- The paper introduces SSA, which separates answer generation from analysis to leverage parallel sampling for enhanced LLM performance.
- It employs reinforcement learning with GRPO and supervised fine-tuning to optimize answer aggregation, outperforming majority voting benchmarks.
- Experimental results show that even a compact SSA model can match larger models, yielding improved accuracy in mathematical reasoning tasks.
Learning to Reason Across Parallel Samples for LLM Reasoning
Introduction
The research paper "Learning to Reason Across Parallel Samples for LLM Reasoning" (2506.09014) introduces a method for leveraging multiple sampling strategies to improve LLM performance in reasoning tasks. It highlights the development of a novel test-time scaling approach, Sample Set Aggregator (SSA), which combines aspects of parallel and sequential scaling while optimizing output through reinforcement learning (RL). This approach promises efficiency and efficacy improvements over existing methods such as majority voting, particularly in mathematical reasoning domains.
Figure 1: Illustration of our approach, showing the Sample Set Aggregator at the bottom compared to traditional parallel and sequential methods.
Methodology
The SSA Framework
The SSA framework is designed to operate alongside a black-box LLM that generates candidate answers without undergoing RL. The key idea is to separate the generation phase from the analysis and aggregation phase. SSA is trained using RL to accurately produce a final answer from concatenated samples. This method views multiple generations as a representation of an LLM's output distribution, allowing direct optimization based on the landscape of this distribution.
Training Strategies
The paper explores two main training strategies for SSA:
Experimental Results
The experiments conducted demonstrate SSA's effectiveness across multiple benchmarks, showcasing its ability to outperform existing methods such as majority voting and process reward models (PRM). Specifically, the SSA model significantly narrows the performance gap relative to the oracle-best accuracy (pass@5). Notably, even a compact SSA model can match larger models trained under traditional methods, emphasizing efficiency and scalability.

Figure 3: Performance comparison of different training methods (SFT, No-Think, RL) across model sizes.
Theoretical and Practical Implications
The SSA approach has theoretical importance in advancing understanding of representation learning over sampled outputs. Instead of dedicating compute resources to re-training large models, the SSA capitalizes on existing sampling methods by reusing outputs efficiently. Hence, it provides a promising direction for using smaller, optimized models to manage and improve large LLM outputs, thus fostering adaptable reasoning systems.

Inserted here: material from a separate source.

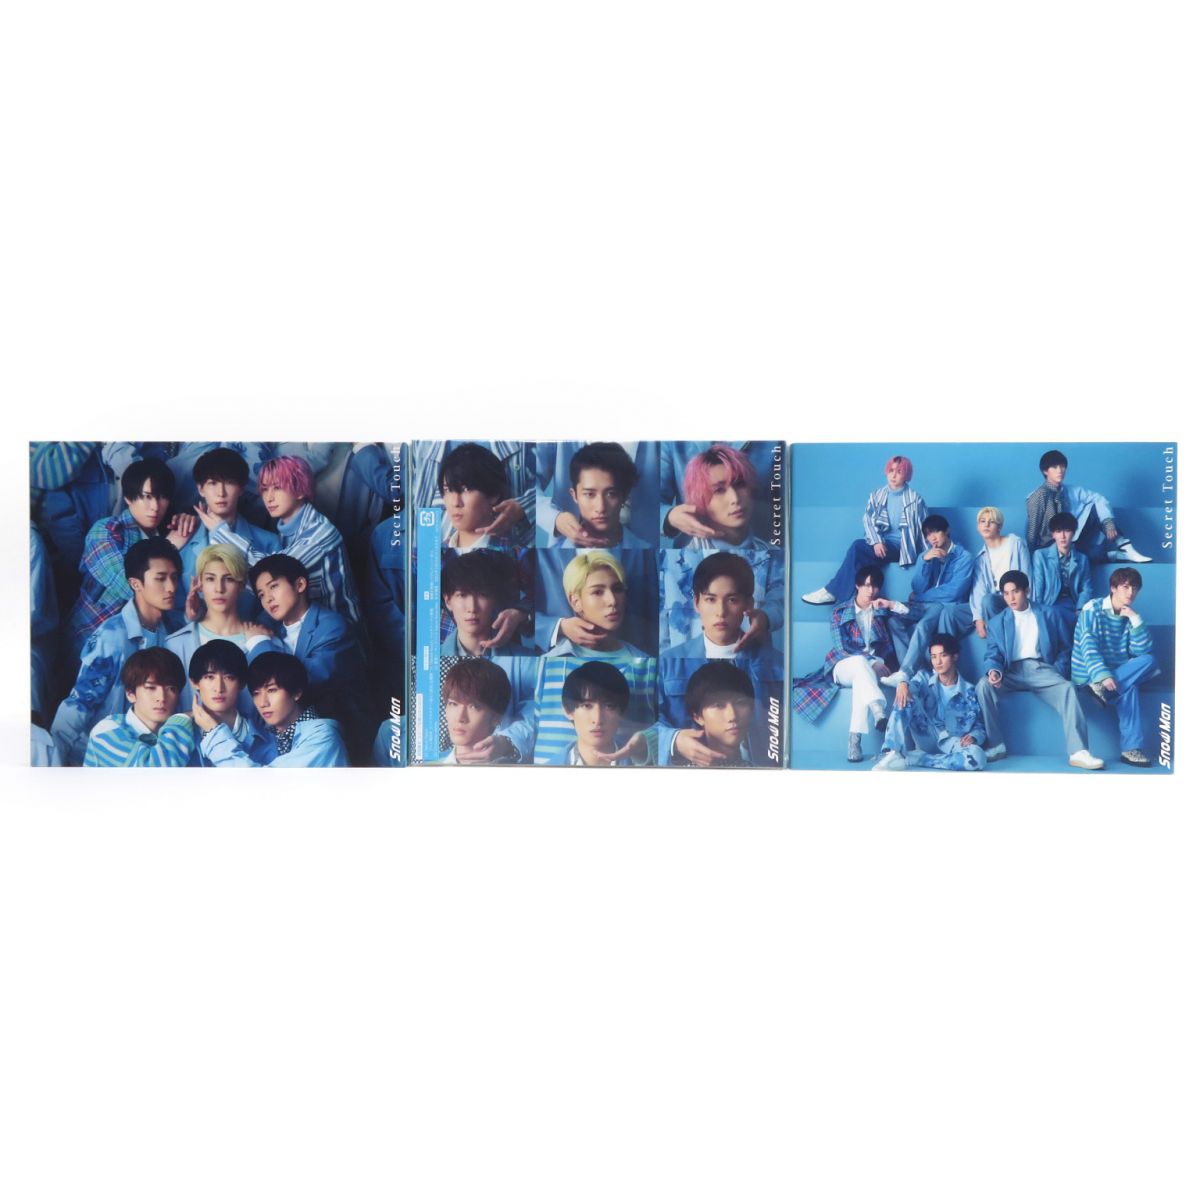 CD DVD / CD Snow Man Secret Touch 初回盤A / 初回盤B / 通常盤(初回仕様) セット ※中古

Practically, SSA offers benefits in mathematical domains, where answer accuracy is paramount. Moreover, it indicates potential generalization capabilities, suggesting SSA's application in varied tasks beyond those initially tested.
Challenges and Future Directions
Some limitations include its dependency on the quality of the sampled outputs—particularly the occurrence of correct answers within the sample set, a challenge illustrated during error analysis. Future work could expand SSA's capacity to synthesize answers rather than merely select among them, enabling further applications in diverse domains, including non-mathematical reasoning.
Additionally, optimizing SSA to handle larger sample sizes in light of potential context-length limitations and exploring its integration with multiple LLM outputs are promising avenues for development.
Conclusion
The paper advances the study of LLM reasoning capabilities by introducing SSA—a hybrid scaling strategy that efficiently refines outputs through reinforcement learning. By separating answer generation from analysis, SSA emerges as a practical approach to augment existing LLM inference processes, heralding versatility and efficiency for future AI development endeavors. Such innovations may serve as crucial components in the ongoing augmentation of LLM intelligence and scalability.